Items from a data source
★ ★ ★ ★ ★ ★ ★

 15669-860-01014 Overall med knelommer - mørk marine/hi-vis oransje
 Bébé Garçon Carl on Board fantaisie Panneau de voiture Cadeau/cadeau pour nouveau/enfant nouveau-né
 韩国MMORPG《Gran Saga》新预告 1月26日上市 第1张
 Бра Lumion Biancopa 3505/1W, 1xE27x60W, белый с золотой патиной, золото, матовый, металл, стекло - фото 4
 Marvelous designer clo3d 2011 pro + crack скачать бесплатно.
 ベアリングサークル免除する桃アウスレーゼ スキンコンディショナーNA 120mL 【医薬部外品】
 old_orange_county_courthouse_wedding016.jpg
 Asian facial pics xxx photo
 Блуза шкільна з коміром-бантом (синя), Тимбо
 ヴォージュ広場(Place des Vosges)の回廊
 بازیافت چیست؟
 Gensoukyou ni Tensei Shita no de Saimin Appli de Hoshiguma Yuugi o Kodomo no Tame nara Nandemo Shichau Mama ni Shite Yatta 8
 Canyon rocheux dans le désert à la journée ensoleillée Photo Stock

★ ★ ★ ★ ★ ★ ★

* Task details
Only the lines from the one containing "韩国MMORPG《Gran Saga》新预告 1月26日上市 第1张" through the end of the records above belong in the output, each exactly as it stands, both ends included.

* Solution to the problem
 韩国MMORPG《Gran Saga》新预告 1月26日上市 第1张
 Бра Lumion Biancopa 3505/1W, 1xE27x60W, белый с золотой патиной, золото, матовый, металл, стекло - фото 4
 Marvelous designer clo3d 2011 pro + crack скачать бесплатно.
 ベアリングサークル免除する桃アウスレーゼ スキンコンディショナーNA 120mL 【医薬部外品】
 old_orange_county_courthouse_wedding016.jpg
 Asian facial pics xxx photo
 Блуза шкільна з коміром-бантом (синя), Тимбо
 ヴォージュ広場(Place des Vosges)の回廊
 بازیافت چیست؟
 Gensoukyou ni Tensei Shita no de Saimin Appli de Hoshiguma Yuugi o Kodomo no Tame nara Nandemo Shichau Mama ni Shite Yatta 8
 Canyon rocheux dans le désert à la journée ensoleillée Photo Stock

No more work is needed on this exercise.